Experiment 3: Transformer Layers

We then varied the nubmer of transformer cross attention layers. We held the number of heads constant at 16, and attempted 2 and 4 layers.

Finally, we added more layers to the transformer. We transfered the weights from the 2 layer 8 head model and found that the network performed even better with 4 layers. The performance of the 4 layer 16 head model is comparable to the performance of the 2 layer 32 head model.

Testing on Scene 106 (Dove Scene)

As aforementioned, we discovered that the 2 best architectures were 2 layers 32 heads and 4 layers 16 heads. We then tried rendering a pose of different scene (Scene 106) from the DTU dataset. The scene pictures a statuette of two textured doves. The results are shown in Figure 6 below. It is noted that the quality of the renderings for both architectures is pretty good, and are comparable to one another, similar to the results for Scene 23.

This scene presents a different challenge for the network, as the doves are textured and have a lot of detail. Similar to SRF [1], our network is able to capture the detail of the doves, and the colors are also vibrant. As noted in the SRF paper, the original NeRF paper is unable to capture the detail of the doves. However, our results are comparable to the non-finetuned results of the SRF paper, although results may improve with fine-tuning (we have not tested fine-tuning of our models yet).

Future Work

More experimentation is needed to understand the following:

Bonus Content

Training Time Lapse Videos

You can view compiled time-lapse animations/videos of the scene learning for any of the presented experiments by clicking the red buttons near the captions. This is applicable for Figures 3, 4 and 5 above. The button below toggles visibility for all of them.

3D Rendered Scene

For the transformer architecture of 2 layers and 32 heads, Scene 106 (the dove scene) was rendered in 3D using Pyglet, and exported as a HTML file rendered with threejs. It can be viewed here.

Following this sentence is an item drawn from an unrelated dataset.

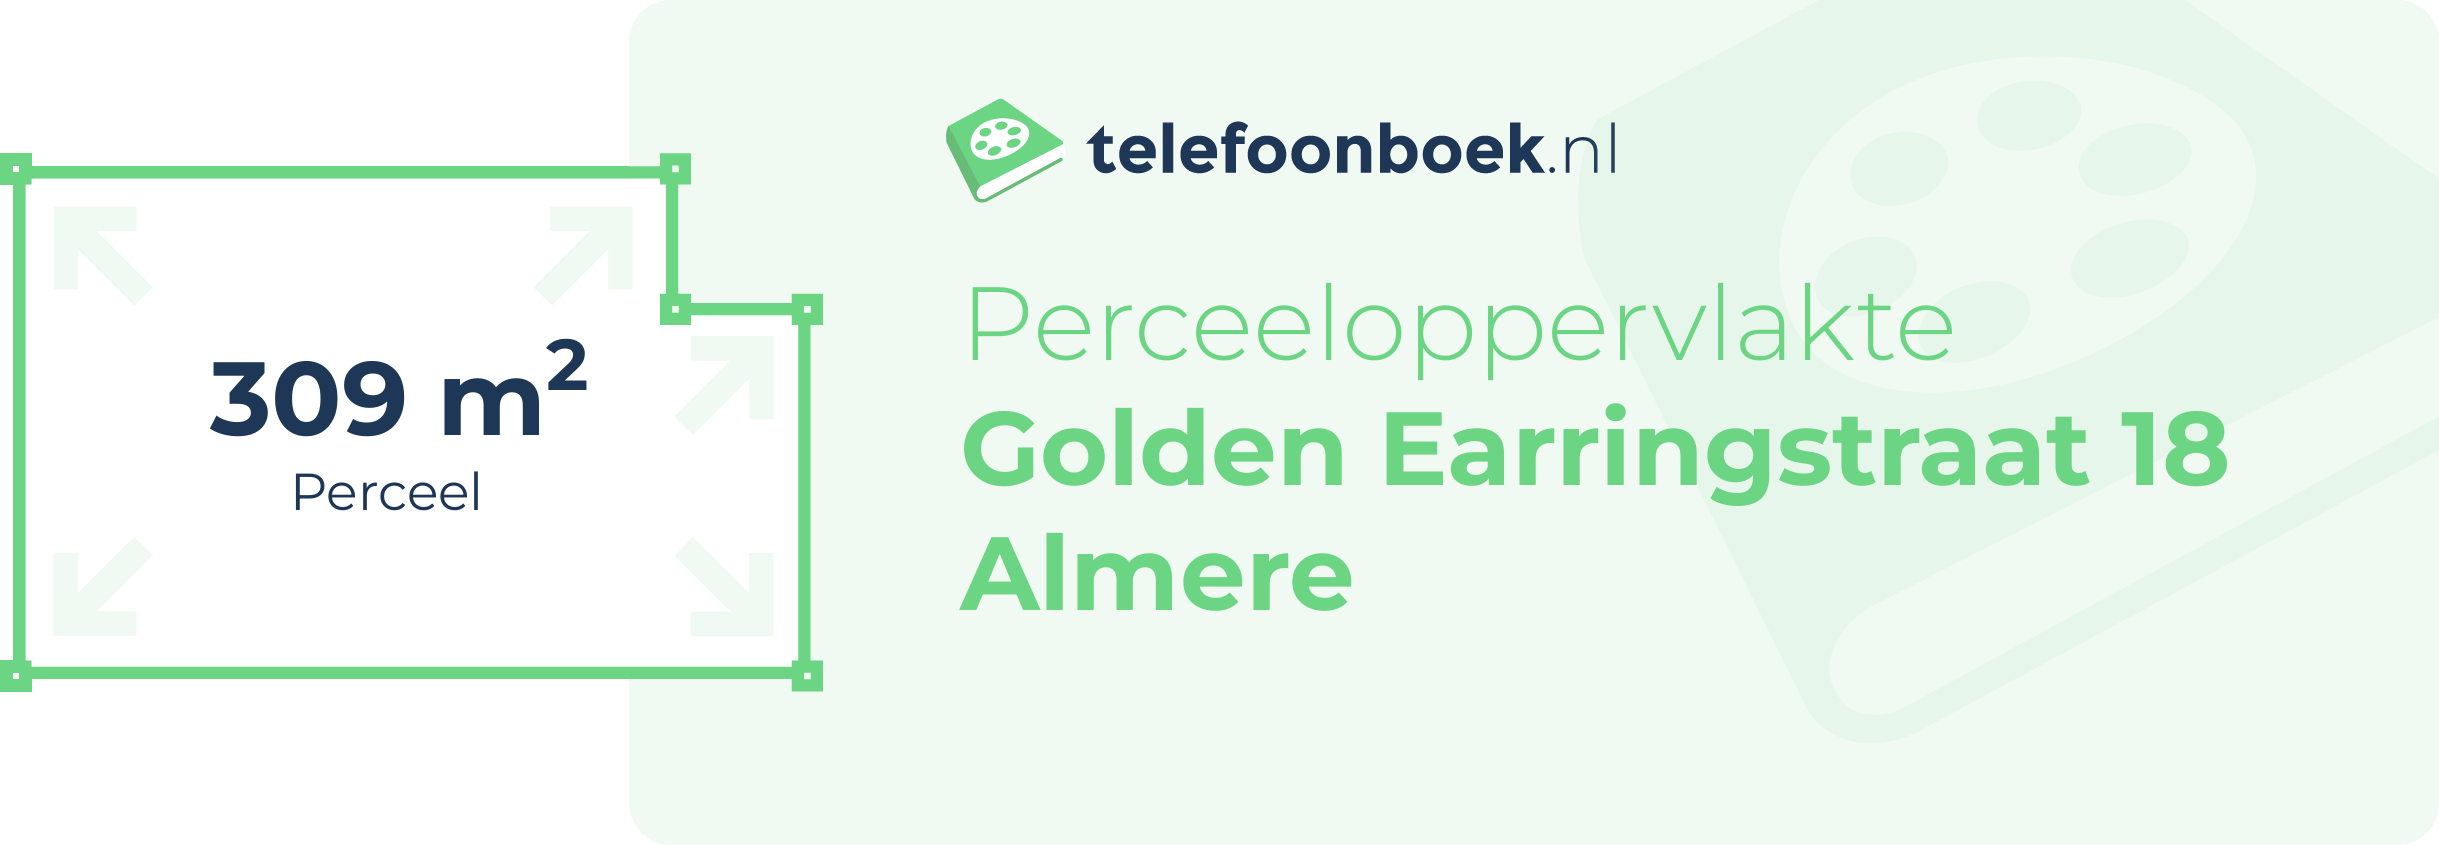 Perceeloppervlakte Golden Earringstraat 18 Almere

Unfortunately, the 3D rendering of the scene is not very good, with some errors along the rays. This could be due to the model not being fine-tuned, or the model not being trained for long enough (we have trained for less than half the number of iterations that SRF used in their model).

References

  1. Chibane, Julian, et al. 'Stereo Radiance Fields (SRF): Learning View Synthesis from Sparse Views of Novel Scenes'. IEEE Conference on Computer Vision and Pattern Recognition (CVPR), IEEE, 2021.
  2. Mildenhall, Ben, et al. 'NeRF: Representing Scenes as Neural Radiance Fields for View Synthesis'. CoRR, vol. abs/2003.08934, 2020, https://arxiv.org/abs/2003.08934.
  3. Reizenstein, Jeremy, et al. "Common objects in 3d: Large-scale learning and evaluation of real-life 3d category reconstruction." Proceedings of the IEEE/CVF International Conference on Computer Vision. 2021.
  4. Ranftl, René, Alexey Bochkovskiy, and Vladlen Koltun. "Vision transformers for dense prediction." Proceedings of the IEEE/CVF International Conference on Computer Vision. 2021.
  5. Jensen, Rasmus, et al. "Large scale multi-view stereopsis evaluation." Proceedings of the IEEE conference on computer vision and pattern recognition. 2014.